American psychologist (born 1946)

Barry Schwartz (born August 15, 1946) is an American psychologist. Schwartz is the Dorwin Cartwright Emeritus Professor of Social Theory and Social Action at Swarthmore College and since 2016 has been visiting professor at the University of California, Berkeley. His work focuses on the intersection of psychology and economics. He frequently publishes editorials in The New York Times, applying his research in psychology to current events.

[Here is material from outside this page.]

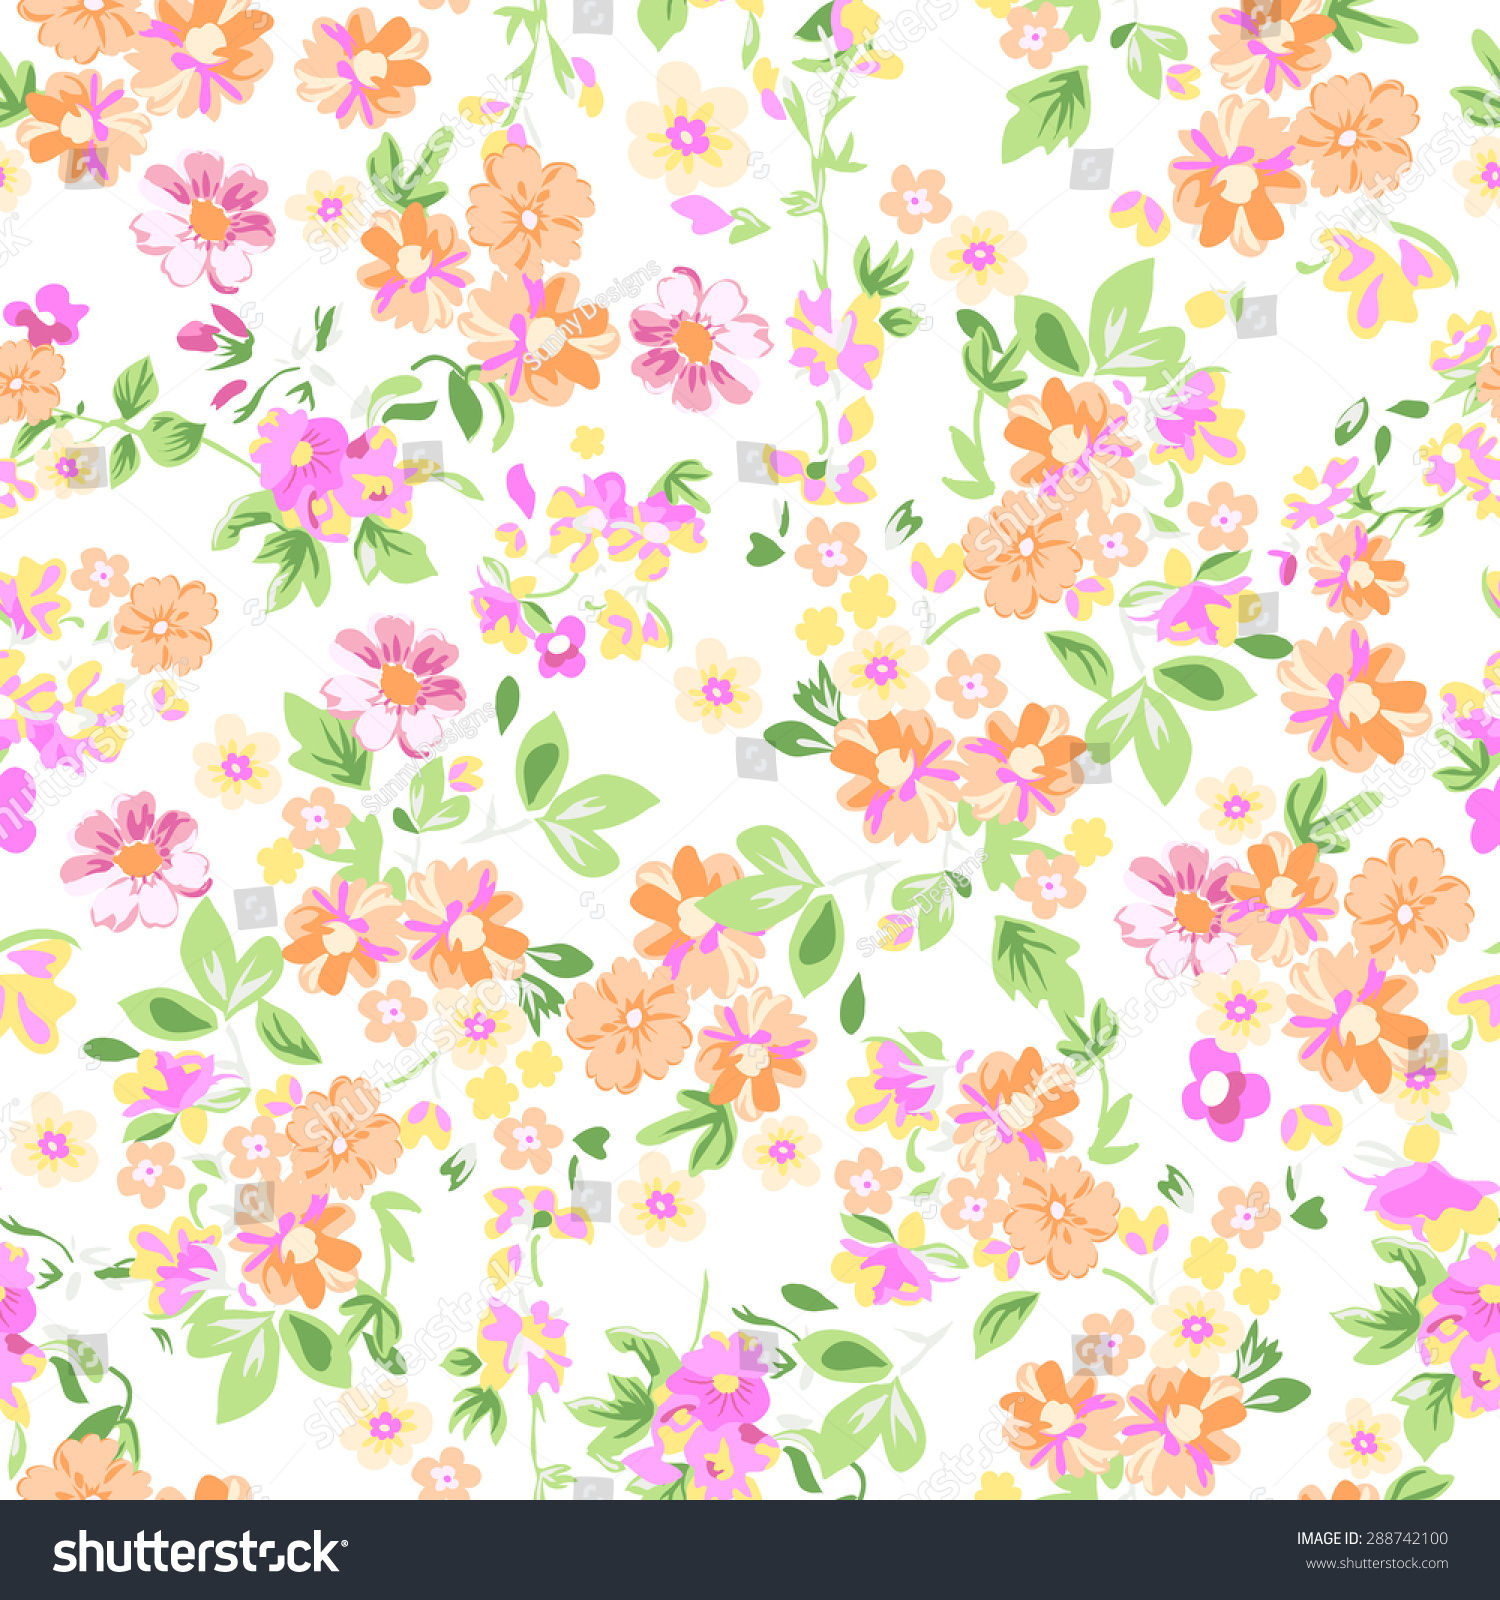 Floral Print Background Image

Schwartz's research addresses morality, decision-making and the inter-relationships between behavioral science and society. His books criticize certain philosophical roots of Western societies and expose underlying myths common in both lay and academic psychological theories. In particular, he is a critic of the "rational economic man" model in both psychology and economics. Schwartz studied under David Richmond Williams for his PhD at the University of Pennsylvania where he was a predoctoral fellow with the National Science Foundation.

==Publications==

===Articles===
A select number of his works are available online.

===Books===
- Why We Work, Simon & Schuster/TED, 2015. (ISBN 9781476784861)
- The Paradox of Choice: Why More Is Less, Ecco, 2004. (ISBN 0-06-000568-8, ISBN 0-06-000569-6)
- Psychology of Learning and Behavior, with Edward Wasserman and Steven Robbins
- The Costs of Living: How Market Freedom Erodes the Best Things in Life, Xlibris Corporation, 2001. (ISBN 0-7388-5251-1)
- Learning and Memory, with Daniel Reisberg
- The Battle for Human Nature: Science, Morality and Modern Life
- Behaviorism, Science, and Human Nature, with Hugh Lacey, W. W. Norton & Company, 1983. (ISBN 0-393-01585-8)
- Practical Wisdom, with Kenneth Sharpe, Riverhead, 2010, (ISBN 978-1594487835)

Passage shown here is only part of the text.